I know that if I was still in the laundering game, and remembering that everything in Miami is cyclical (in the 1980s, Miami went through a similar Brickell Avenue building boom), you can bet money that professionals who still toil in that dark and sordid business have come up with some extremely inventive and imaginative workarounds to evade not only the letter of the impending FinCEN regs, but the spirit of them as well. Think the use of foreign "financial institutions" as closing agents which are, in truth and in fact, captives of the laundrymen setting up those deals. Think bogus financing arrangements cleverly structured to artfully blend in with the legitimate closings, but which feature under-the-table cash payments that developers anxious to repay massive and expensive construction loans forthwith. Think tricks that have not yet been invented yet in finance, but which are taken from covert tactics in non-financial industries to hide capital.

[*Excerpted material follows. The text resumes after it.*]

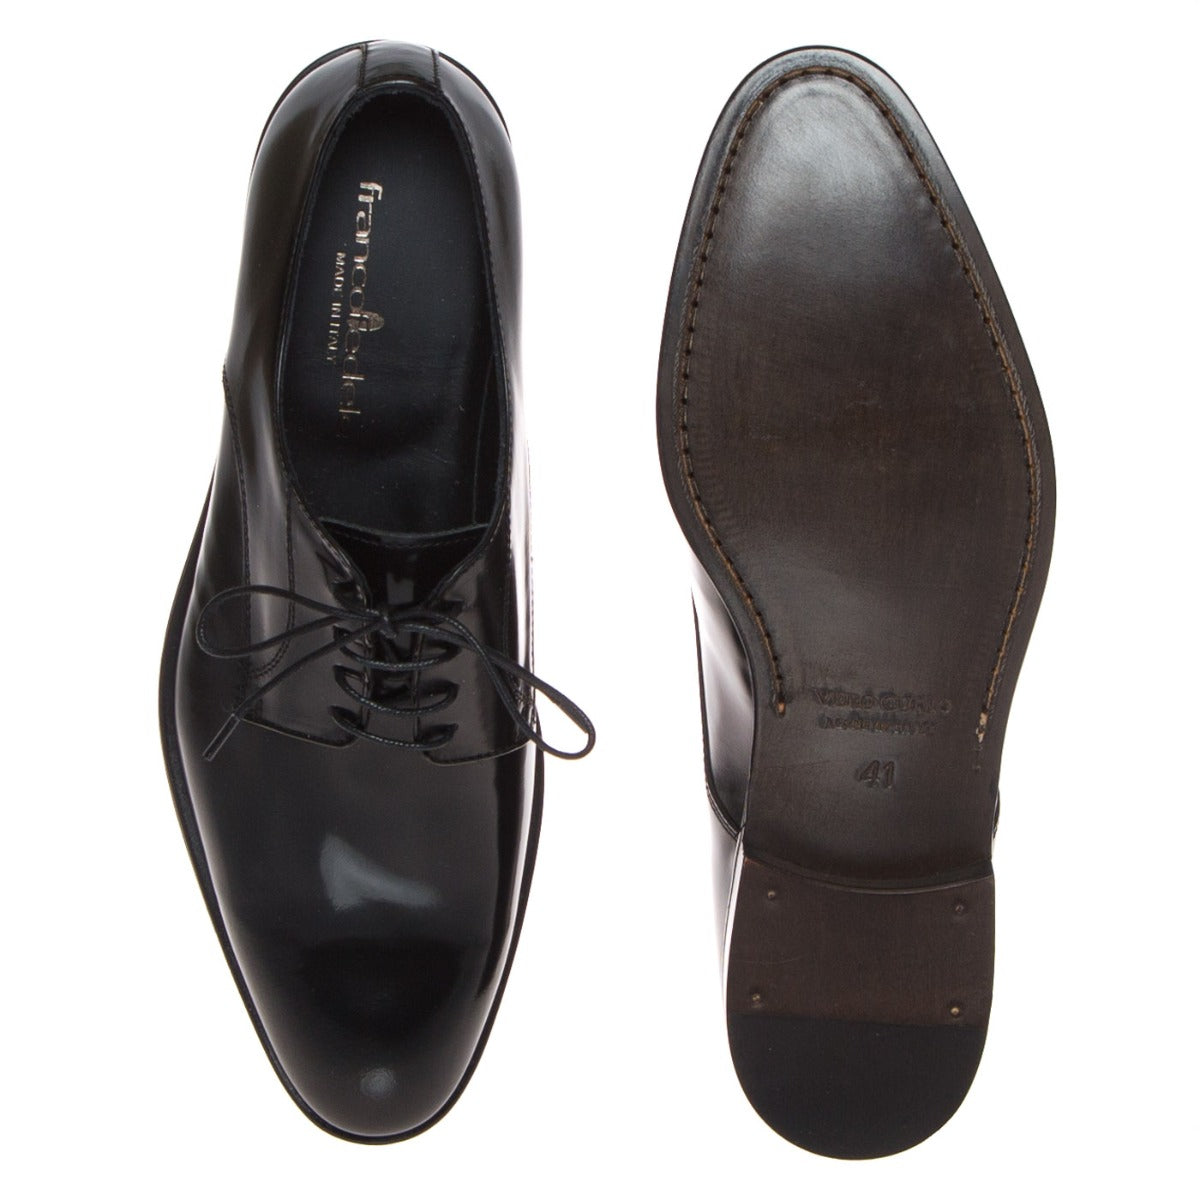 franco-fedele-2984-scarpa-elegante-uomo-pelle-nero

In short, U.S. law enforcement should set up a task force in South Florida, mich like the one under then-Vice President George HW Bush in the 1980s, to catch the dirty money, before it is invested in those expensive condos. Otherwise, like the expensive oceanfront buildings on Miami Beach, dirty money will end up cleaned and dried in our Downtown structures, and some of our banks will subsequently pay the price for not catching the bad actors timely.